Fragmenting Nations: Pros and Cons
Fragmenting Iraq or Afghanistan into smaller nations along tribal-national lines would initially evoke images of Yugoslavia’s fragmentation, complete with ethnic cleansing. At the same time, it must be noted that the world acted in opposition to that breakup and insisted on keeping the nation unified. In this scenario, the world would support the breakup and be on hand to smooth out the process. The first advantage of breaking up the nations would be greater stability within each new nation-state. With nation-states aligned more closely to the nations that live within them, there will be fewer insurgencies. All guerrillas want to become the state, and ethno-states/sovereign cities can be formed, just like in Europe.
The second main advantage is that the buffer states would be weaker, and therefore less likely to start major wars. Unlike in Europe, these new nations and sovereign cities would be constantly at war with each other, but a war between two weak nations would be less destructive than between larger, stronger states. Weaker buffer states would also be less dangerous to the great powers bordering them. Violence can always spill over, and some smaller states may seek opportunities to take territory from larger states, as Bangladesh has been trying to do with Burma. Smaller, weaker states will be less bold.

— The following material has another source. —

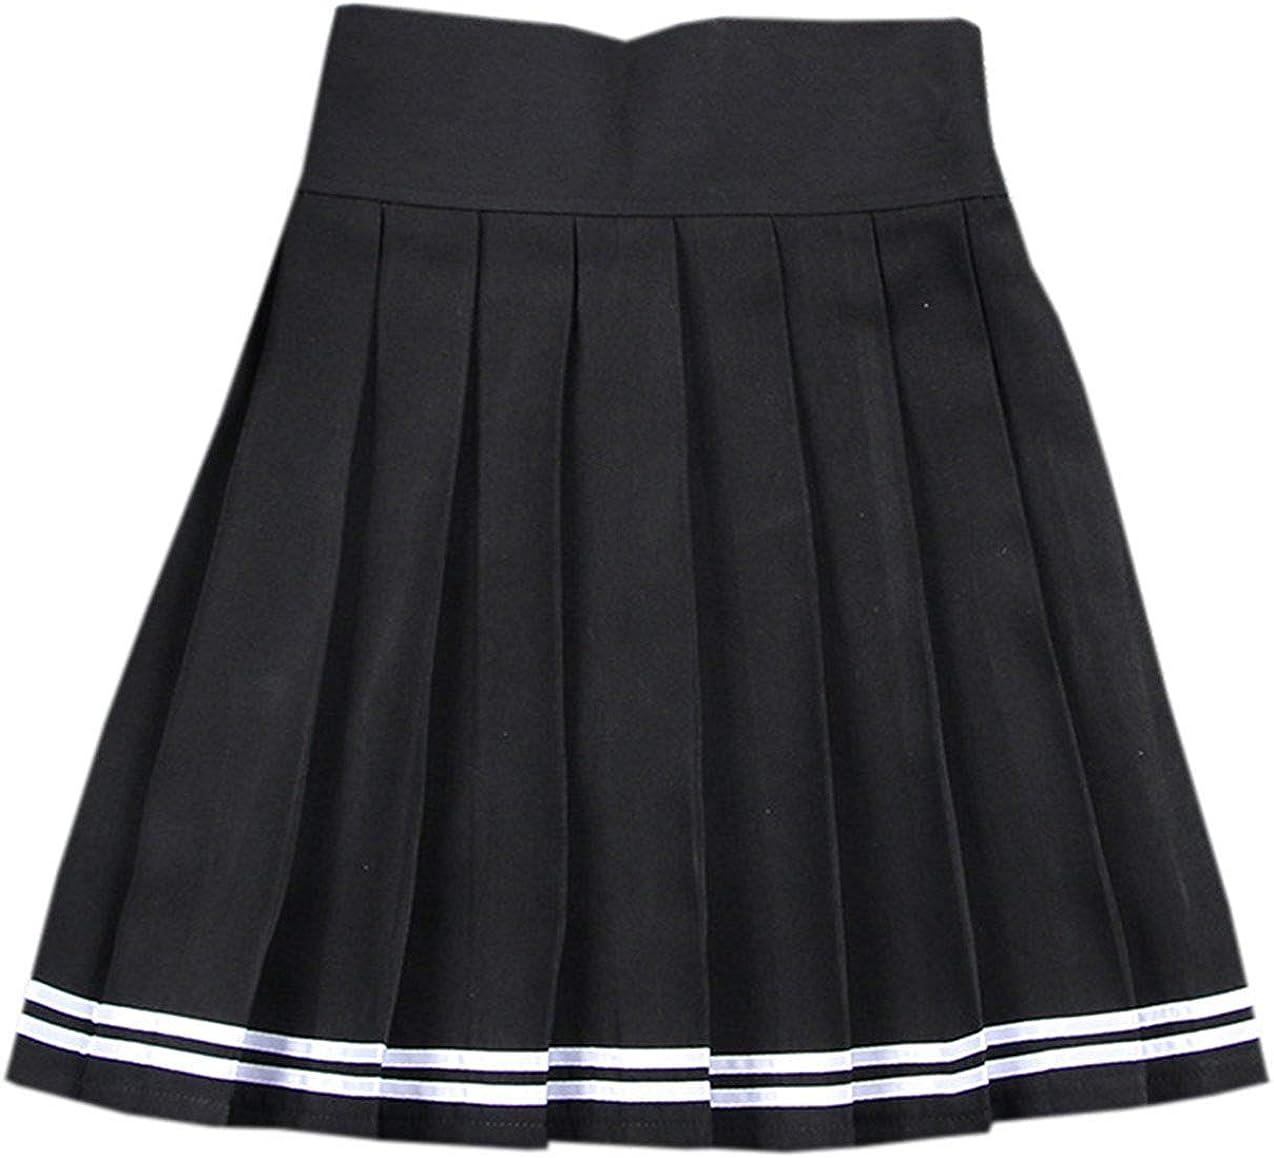 NAWONGSKY Women's Pleated Skirt, XS-XXL

One factor that can be either an advantage or disadvantage is controlling the burn. Controlling the disintegration so it does not get out of hand will be a challenge, but it can also show the world that peaceful breakups are not limited to Czechoslovakia. Likewise, the constant state of war between smaller states in these regions contains the possibility of escalation. Skillful diplomacy and Realpolitik is a must.
A definite weakness of fragmentation is great-power meddling. Iran would readily take advantage of smaller, weaker states in both Iraq and Afghanistan, and Pakistan may also have interests in the Pashtun or Baluchistan regions. The world remembers that WWI began over a crisis in Serbia, which was a small weak nation at the time. This would be more serious in Iraq than in Afghanistan, however.
Another weakness could be Islamist groups forming confederations. Smaller nations may set aside their grievances for safety, and Islamic terror groups may play Bismarck’s game with weaker nations.
Uniting nations, or fragmenting them, provides two viable choices, neither of which would be an admission of defeat. If America represents sovereignty of the governed, then redrawing the map may be the best option. If the map is redrawn in a manner that reflects our interests, then we can take credit and have peace with honor. The regions in question will always be violent, and so total victory will not be needed before America disengages. We cannot extinguish the fire, but we can make it into a controlled burn.